No, it's more fundamental. BTW if your still interested I thought of something with reference to the error correcting output stage, the difference in re-entrant distortion.
I hope you don't think I am anti-physics or whatever. But I can tell you that there is computer modeling and actual tests that shows a direct (and powerful) relationship with the non-volatile impedance that is the DC resistance and the voltage that appears across it and the dB-SPL variation. The method of extracting that using a current sense resistor not only works, but validates it. I have literally done this on my bench. The fact that SoundEasy, which is a pure maths based program and I would think above reproach, can actually model this as well - makes me very confident (and if you replicated it, so would you). It is a bit too complex to explain on a forum like this where (as JC pointed out) there is a tendency to shut down certain non- approved topics (I tried it elsewhere on diyaudio and it got 'the treatment' there too).

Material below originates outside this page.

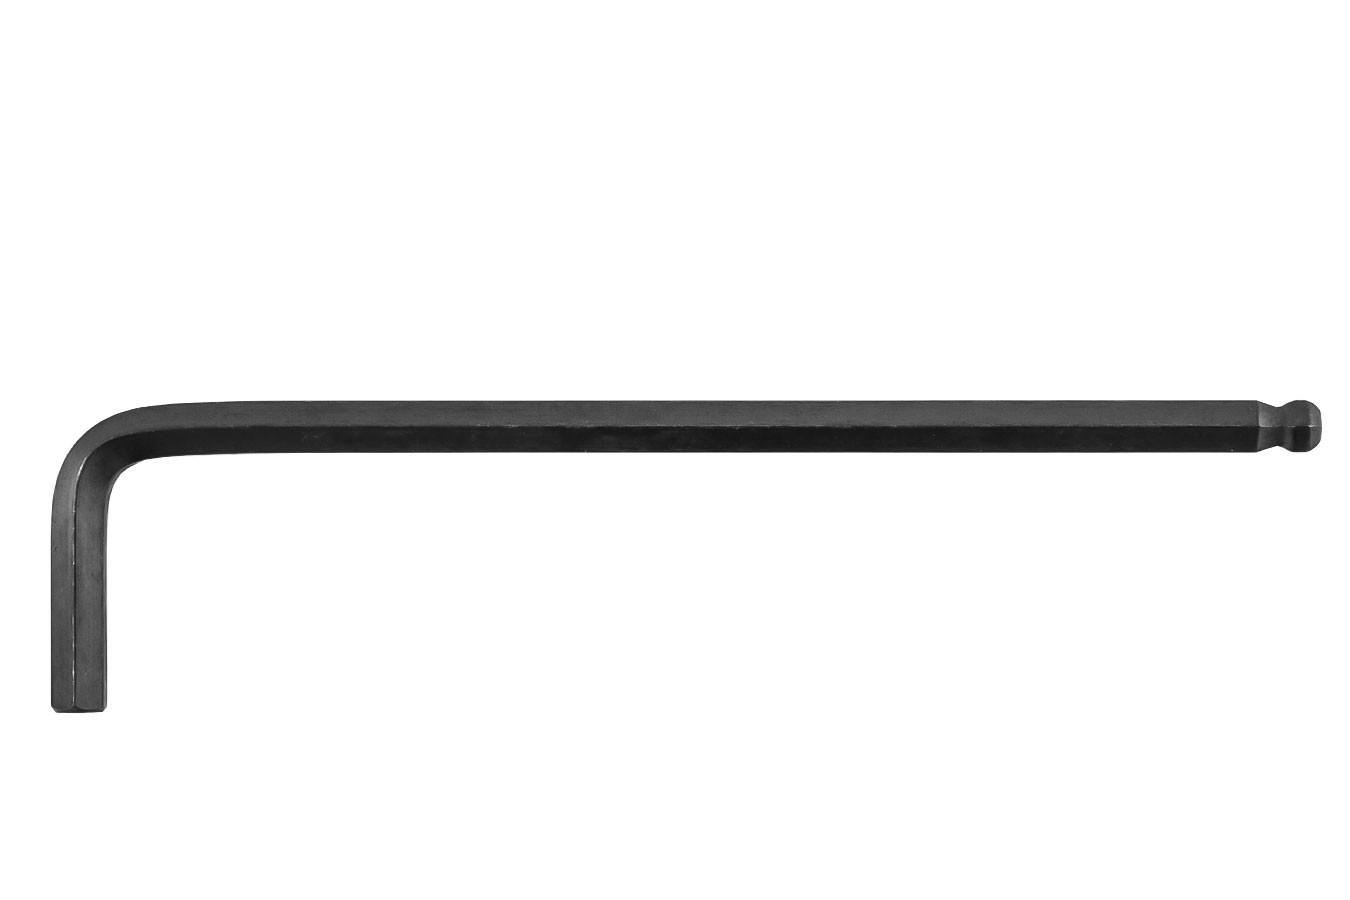 Chave Allen 5 mm com ponta bola - Ice Toolz

So look at an impedance plot, measure the DC resistance, which is constant with frequency. It is not frequency dependent, but it is thermally dependent, but that is a different topic. Yet the overall impedance is indeed frequency dependent, but clearly not all of it. So if Re is 6 Ohm, the RMS voltage is 6V, then under ideal conditions it should draw 1 Amp. And if current drive equivalence, by sending 1 Amp, the 6V should develop across the voice coil terminals. Yet the V/I conversion does not take place at the terminals if the impedance is above 6 Ohm. Please have an open mind and ask what is really then happening. The overall impedance determines the current drawn from the amplifier (I am surely on safe grounds there), so if the impedance is 12 Ohm, then we have 6 Ohm of stable resistive impedance and another 6 Ohm of volatile back-emf impedance. The current will be 500mA, half the current - the dB-SPL of the driver will change by 6dB and then the penny drops, the volt times current across the DC resistance accounts for that 6dB exactly. You model it and that is how it works, then you do it physically on the bench, and it does the same. The physics is clear - the DC non-volatile impedance times voltage = dB-SPL - and it is not just theory, but a verifiable fact that anyone with fairly basic equipment can do.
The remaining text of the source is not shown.